Mediums

Lithotint
Making drawings copyable

Lithography is a printing process in use since its invention in 1796 by the German playwright Alois Senefelder. An Aquatint is an intaglio printmaking technique that creates smooth fields of value rather than lines. So what’s a Lithotint? Despite its portmanteau moniker, Lithotint is less of a distinct art medium, and more of an evolution of lithographic technology.

Developed by the English printmaker Charles Joseph Hullmandel, the invention and benefit of lithotint was described in the November 27th, 1841 issue of the Spectator newspaper: “instead of Indian ink, [the artist] dips his pencil in lithographic ink, laying the tints on stone instead of on paper; and by this simple change of materials, his first thoughts become capable of reproduction more than a thousandfold. ...lithography was only adapted to crayon or pen-drawing, the two slowest methods of art, and very rarely practiced by English artists of eminence.
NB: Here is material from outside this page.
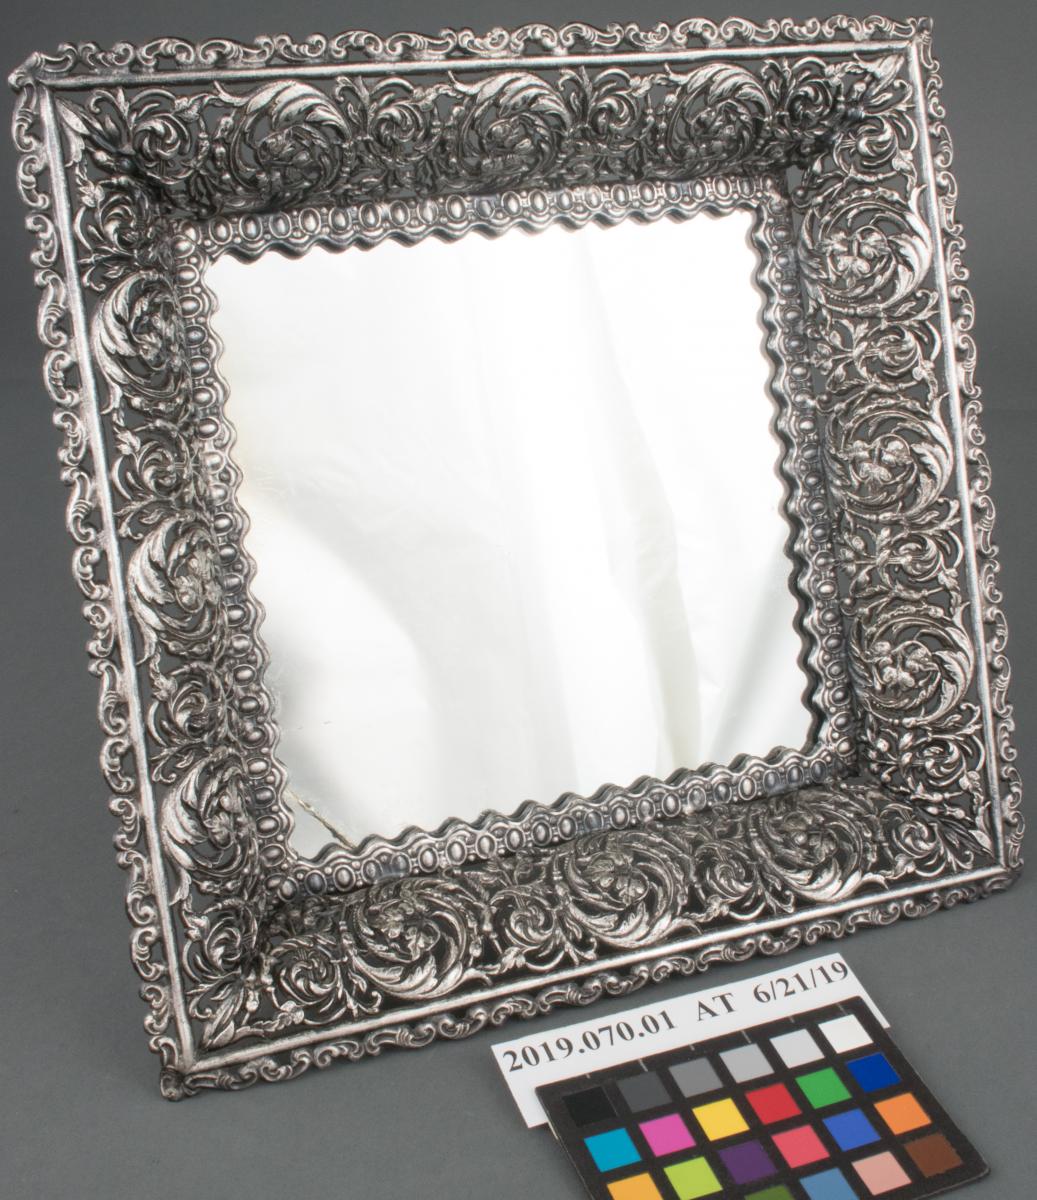 after treatment photo of silver framed mirror with leaf and floral border.

The painter had no means of reproducing a sepia drawing in which his own touch is preserved, until the invention of lithotint.”

Today, the term Lithotint is rarely used, as the technique has been subsumed into the general medium of Lithography, but Obelisk is a history platform, so we can't help but take a moment to raise a glass to Mr. Hullmandel and his lovely reminder that art mediums can and should evolve.